Answer
The limit $\underset{x\to 25}{\mathop{\lim }}\,{{f}^{-1}}\left( x \right)$ is 4.
Work Step by Step
Consider the provided function,
$ f\left( x \right)={{x}^{2}}+9\,\ \text{ for }\ x\ge 0\text{ }$
Follow the steps to find and inverse of the function to get the inverse of $ f\left( x \right)={{x}^{2}}+9\,\ \text{ for }\ x\ge 0\text{ }$
Step 1: Replace $ f\left( x \right)$ with $ y $.
$ y={{x}^{2}}+9\,x\ge 0$
Step 2: Interchange $ y $ and $ x $.
$ x={{y}^{2}}+9\,y\ge 0$
Step 3: Solve for $ y $.
$\begin{align}
& x={{y}^{2}}+9\,y\ge 0 \\
& x-9={{y}^{2}} \\
& \sqrt{x-9}=y\
\end{align}$
Since $ y\ge 0$, so negative root is not considered.
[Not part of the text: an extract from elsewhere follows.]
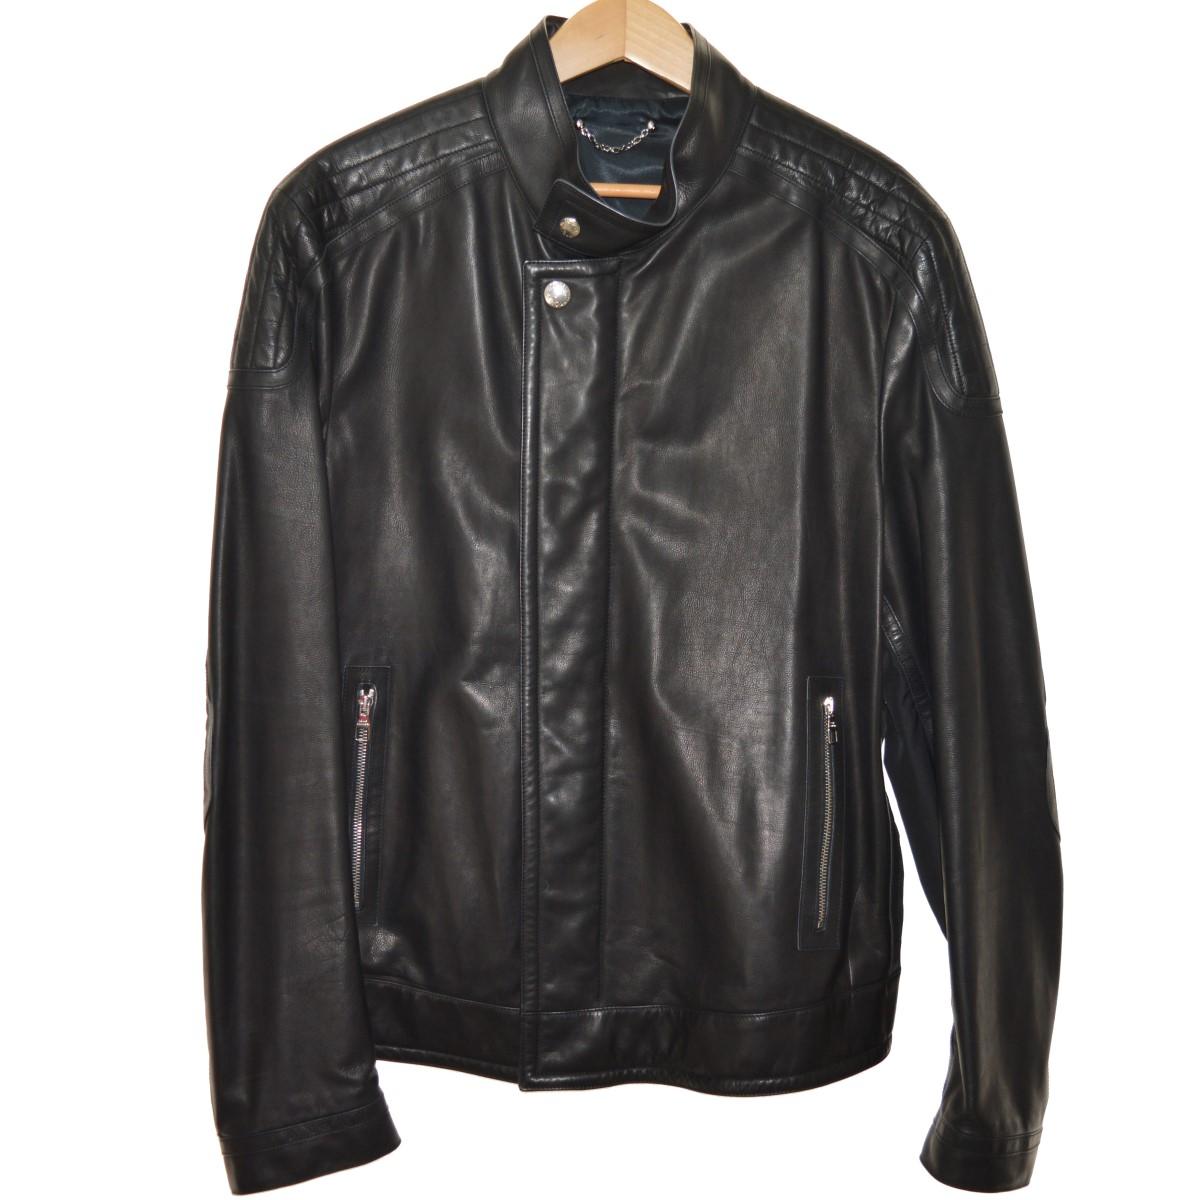 【中古】LOUIS VUITTONダミエ柄 レザージャケット ブラック サイズ:56 【5月14日見直し】

Step 4: Replace $ y $ with ${{f}^{-1}}\left( x \right)$.
${{f}^{-1}}\left( x \right)=\sqrt{x-9}$
Thus, ${{f}^{-1}}\left( x \right)=\sqrt{x-9}$.
Solve the limit $\underset{x\to 25}{\mathop{\lim }}\,{{f}^{-1}}\left( x \right)$
$\underset{x\to 25}{\mathop{\lim }}\,{{f}^{-1}}\left( x \right)=\underset{x\to 25}{\mathop{\lim }}\,\sqrt{x-9}$
Use the limit property $\underset{x\to a}{\mathop{\lim }}\,\sqrt{f\left( x \right)}=\sqrt{\underset{x\to a}{\mathop{\lim }}\,f\left( x \right)}$
$\begin{align}
& \underset{x\to 25}{\mathop{\lim }}\,{{f}^{-1}}\left( x \right)=\underset{x\to 25}{\mathop{\lim }}\,\sqrt{x-9} \\
& =\sqrt{\underset{x\to 25}{\mathop{\lim }}\,\left( x-9 \right)}
\end{align}$
Use the limit property $\underset{x\to a}{\mathop{\lim }}\,\left( f\left( x \right)-g\left( x \right) \right)=\underset{x\to a}{\mathop{\lim }}\,f\left( x \right)-\underset{x\to a}{\mathop{\lim }}\,g\left( x \right)$
$\begin{align}
& \underset{x\to 25}{\mathop{\lim }}\,{{f}^{-1}}\left( x \right)=\sqrt{\underset{x\to 25}{\mathop{\lim }}\,\left( x-9 \right)} \\
& =\sqrt{\underset{x\to 25}{\mathop{\lim }}\,x-\underset{x\to 25}{\mathop{\lim }}\,9}
\end{align}$
Use the limit property $\underset{x\to a}{\mathop{\lim }}\,c=c\ \text{where c is a constant}\text{.}$
$\begin{align}
& \underset{x\to 25}{\mathop{\lim }}\,{{f}^{-1}}\left( x \right)=\sqrt{\underset{x\to 25}{\mathop{\lim }}\,x-\underset{x\to 25}{\mathop{\lim }}\,9} \\
& =\sqrt{25-9} \\
& =\sqrt{16} \\
& =4
\end{align}$
Thus, the limit $\underset{x\to 25}{\mathop{\lim }}\,{{f}^{-1}}\left( x \right)$ is 4.